Cable TV model unpopular but not unsustainable

Broadcasting is basically the distribution of audio and video content to the audience. There are many methods of broadcasting like TV, broadcasting, radio broadcasting, cable radio, direct satellite broadcasting and webcasting. There are many companies who work in this industry they provide television programs to the public and for cable subscribers. ABC, CBS, FOX, and NBC are the famous broadcast TV networks in United States. The international companies that lead in this industry are Germany-based Bertelsmann, Japan’s Nippon Hoso Kyokai, and the UK-based British Broadcasting Corporation (BBC). Global broadcast and cable channels records its revenue about 4390 billion. As per record there are 900 broadcast TV firms and 400-cable subscriber firm in the industry of United States. This industry faced challenges from the digital cable industry and also from satellite TV industries. The broadcasting and cable industry recorded its revenue as $435.8bn in 2013. This industry has almost 50 million subscribers with market growth of 30 percent. There are many factors that affect the broadcasting and cable industry i.e. most of the customers move from cable and watch online programs on the internet, high fee paid, higher program cost, new marketing strategies etc. these all economic difficulties and customers migrating to online programs, affect industry badly. Now most of the customers prefer online programs because clients enjoying online programming by seeing them any time anywhere.

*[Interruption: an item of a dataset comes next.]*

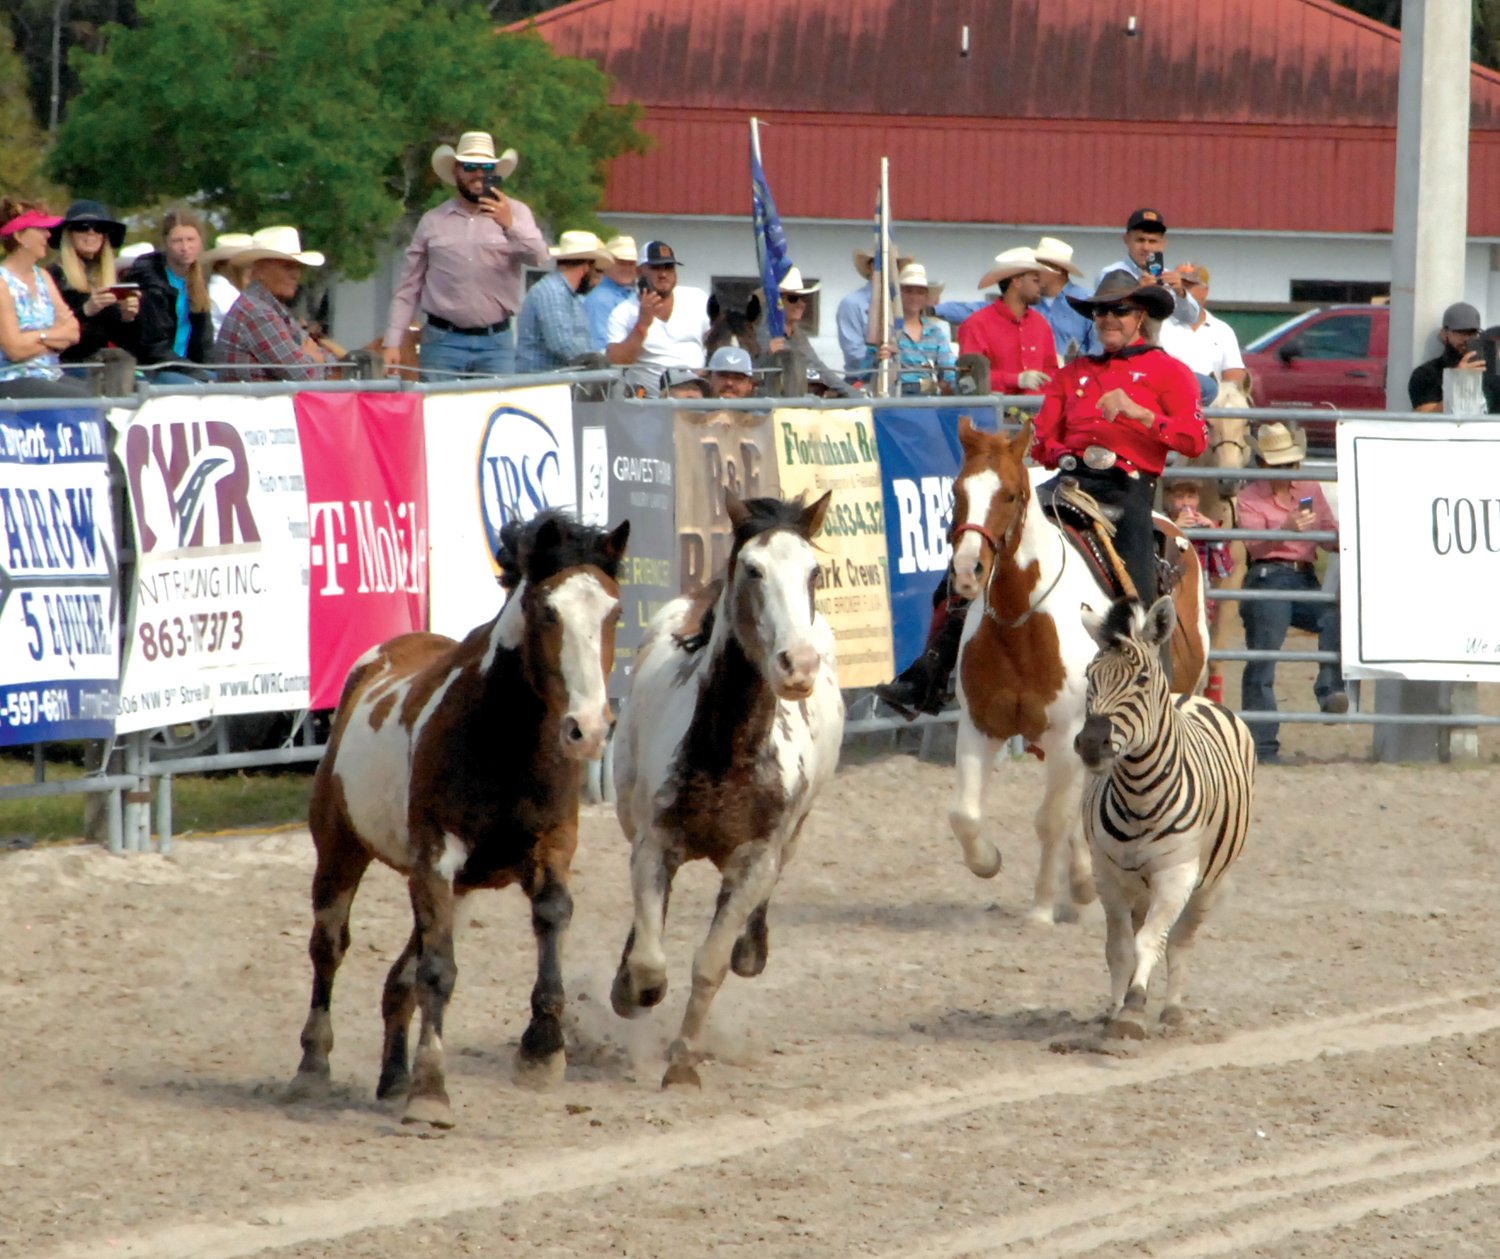 OKEECHOBEE -- The One Armed Bandit thrilled rodeo fans with feats or horsemanship.
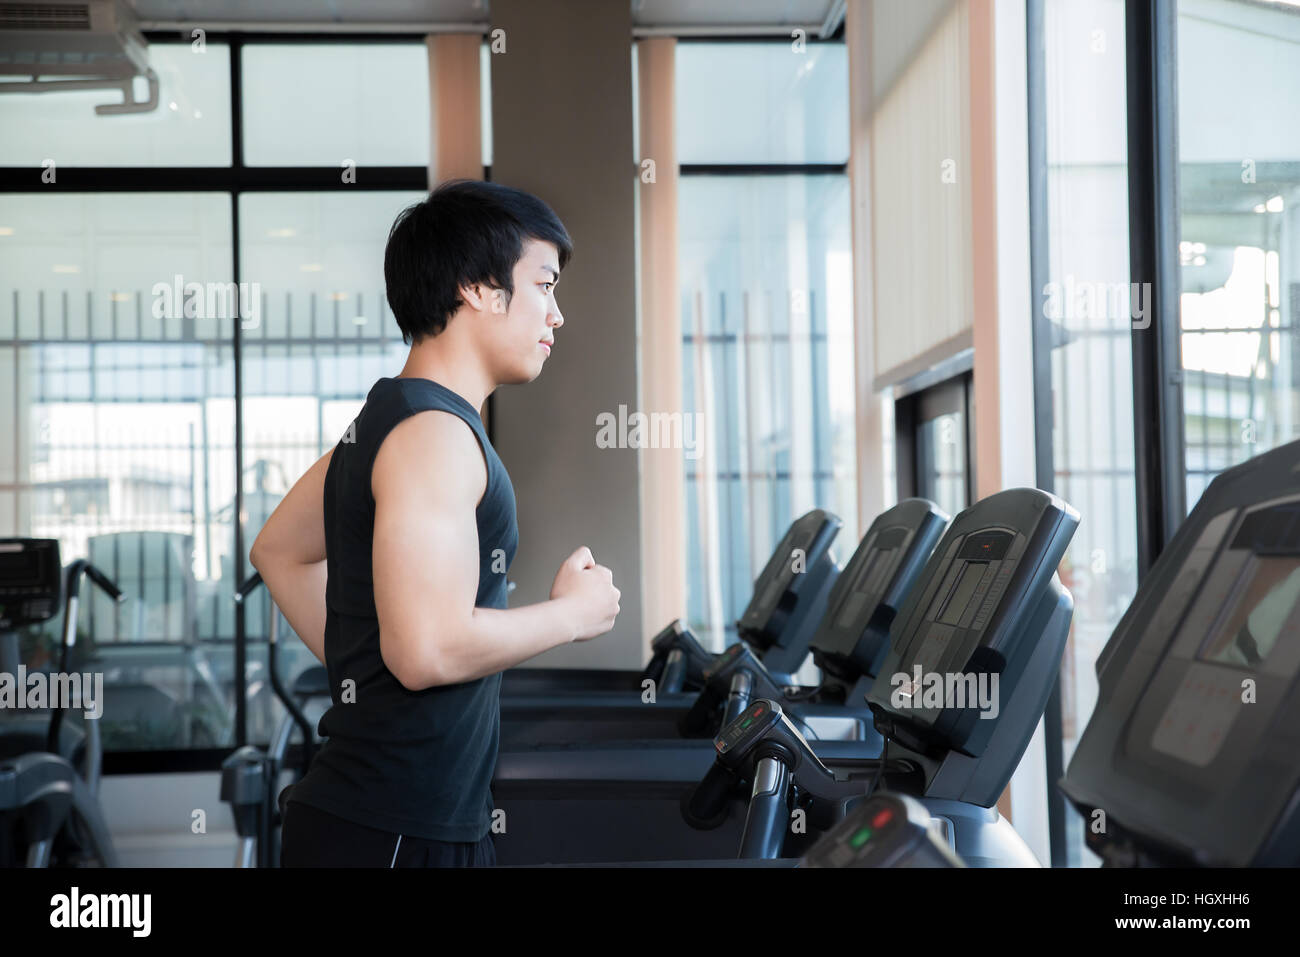 Asian young man running on treadmill in gym. Health and sport concept. Stock Photo

According to Comcast Corporation (CMCSA), Time Warner Inc. (TWX), Viacom Inc. (VIA), The Walt Disney Company (DIS), Sony Corporation (SNE), Twenty-First Century Fox (FOX) are the best players company in the history of broadcasting and TV cable industry. In recent years there is some development that broadcast industry gain i.e. IPTV, VOD (Video on demand), Mobile TV and DVR (Digital Video Recorders) etc. the leading players in the market try to adopt more technologies to keep their loyal customers because most of their customers move from cable to online TV programs. The strength of this industry is their latest technology, strong expertise, quick technology seeker etc.

The broadcasting and TV cable industry growth rate is preferable in this year as compare to previous but we cannot say anything that is this position remain same in the next year or not because of lots of media segments and also because of most of viewers prefer internet, digital and 3d motion pictures. Most of the people have Internet connection and mobile phones in which they say what they want instead of buying HDTV sets. And most of them did not prefer to watch scheduled programs so they buy subscriptions to cable, online movies, download games on tablet, smart phones, browse video on YouTube, face book, twitter etc. all these things attract people instead of TV cable and broadcasting. But still broadcast signals reach almost every home of the world. Less than 20% depend on online programming channels. Now broadcasting engineers’ adopting new digital tools that could maintain the position of industry as it was before.